Isotopic values of δ²H vs δ18O in groundwater samples for Tehran-Karaj aquifer, Varamin aquifer, Isfahan aquifer, Shiraz aquifer, Darab aquifer, Kashan aquifer, Tabriz aquifer, Marand aquifer, Mashhad aquifer, Fariman aquifer, and all 202 groundwater samples.

Table 5 Calculated equations of local meteoric water lines (LMWLs) for 10 Iranian main aquifers.

Technical Validation

We used the five working standards of LGR with known isotopic compositions (i.e., LGR#1–LGR#5 in Table 3) to ensure the quality control/assurance of the analysis of our groundwater samples. Accordingly, δ2H and δ18O were varied from –161.3 to –10.5‰ and –20.72 to –3‰, respectively (Table 3). We also normalized all isotope ratios using three IAEA standards (i.e., SLAP, VSMOW, and GISP). Our findings showed that the analytical precision for δ2H and δ18O in groundwater samples are ±0.08‰ and ±0.05‰, respectively, both of which are more accurate than those specified in the related standards (see Table 2). Furthermore, we compared the precisions of δ2H and δ18O measurements for our groundwater samples with those from related studies conducted in Iran. Our results were consistent with the findings of Heydarizad et al.19, Daneshian et al.20, and Osati et al.21.

Usage Notes

The compiled stable water isotope dataset in Iranian aquifers has been saved in CSV format to facilitate easy access from a wide range of computer software. This format allows users to analyze and process the data easily without requiring intensive computational resources.

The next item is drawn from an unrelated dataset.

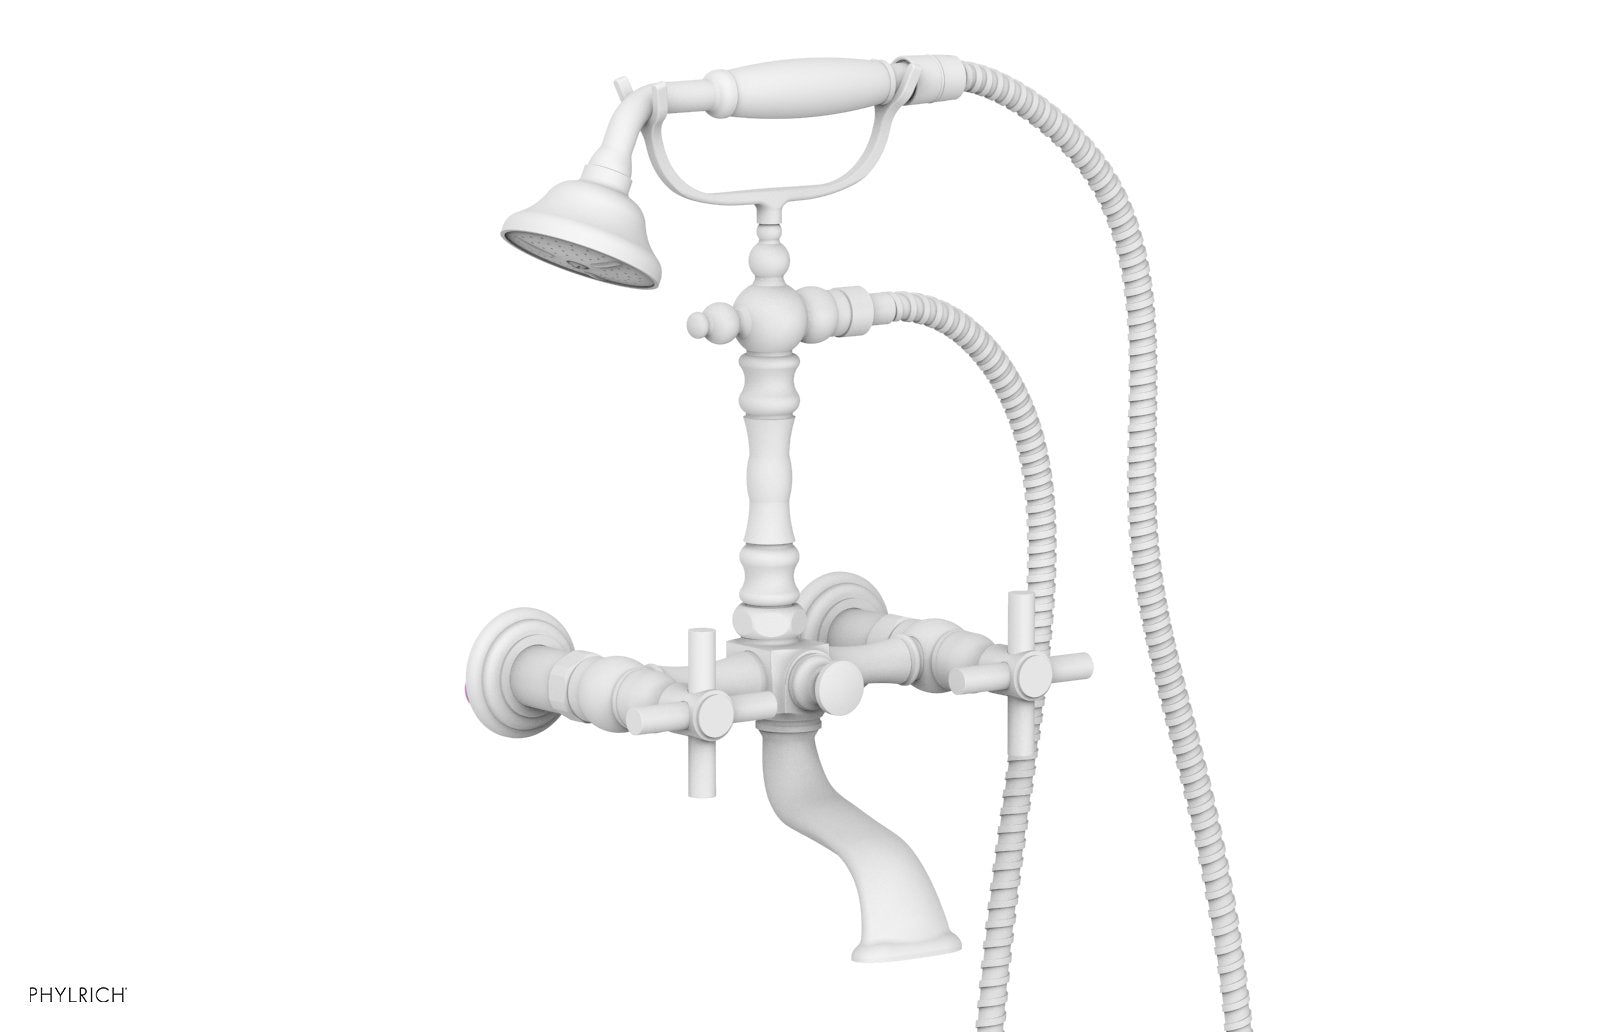 Phylrich BASIC Exposed Tub & Hand Shower - Tubular Handle

Our compiled dataset represents a significant advancement in hydrogeological studies for the main aquifers in Iran. The effectiveness of these data depends on their application and can elucidate the physical mechanisms driving the changes in the δ2H and δ18O compositions of oxygen and hydrogen. Although the dataset is highly useful for tracing atmospheric and hydrological processes, a limitation warrants acknowledgment to ensure its appropriate interpretation and application. The current dataset represents a snapshot in time and therefore has limitations for long-term temporal modeling. Groundwater isotopes often reflect multi-seasonal or long-term processes. Therefore, a single-timepoint dataset may not sufficiently capture seasonal dynamics, and recharge temporal variability. However, even with this limited temporal scope, the isotope dataset can serve as a valuable input for regional climate and hydrological models in several ways. First, the spatial distribution of δ18O and δ²H values across major aquifers provides a baseline for model initialization and spatial calibration. For example, these data can help constrain the representation of evaporation, precipitation, and moisture recycling processes in isotope-enabled regional climate models (e.g.,Weather Research and Forecasting model). Second, the isotopic signatures can be used to validate modeled isotope outputs during similar seasonal conditions, improving the representation of water source attribution and vapor transport pathways. Finally, the dataset supports hybrid approaches that combine stable isotope data with geostatistical or machine learning models to spatially estimate isotope patterns in unsampled areas. These applications demonstrate the potential of the dataset to inform both scientific investigations and evidence-based water policy in arid and semi-arid environments.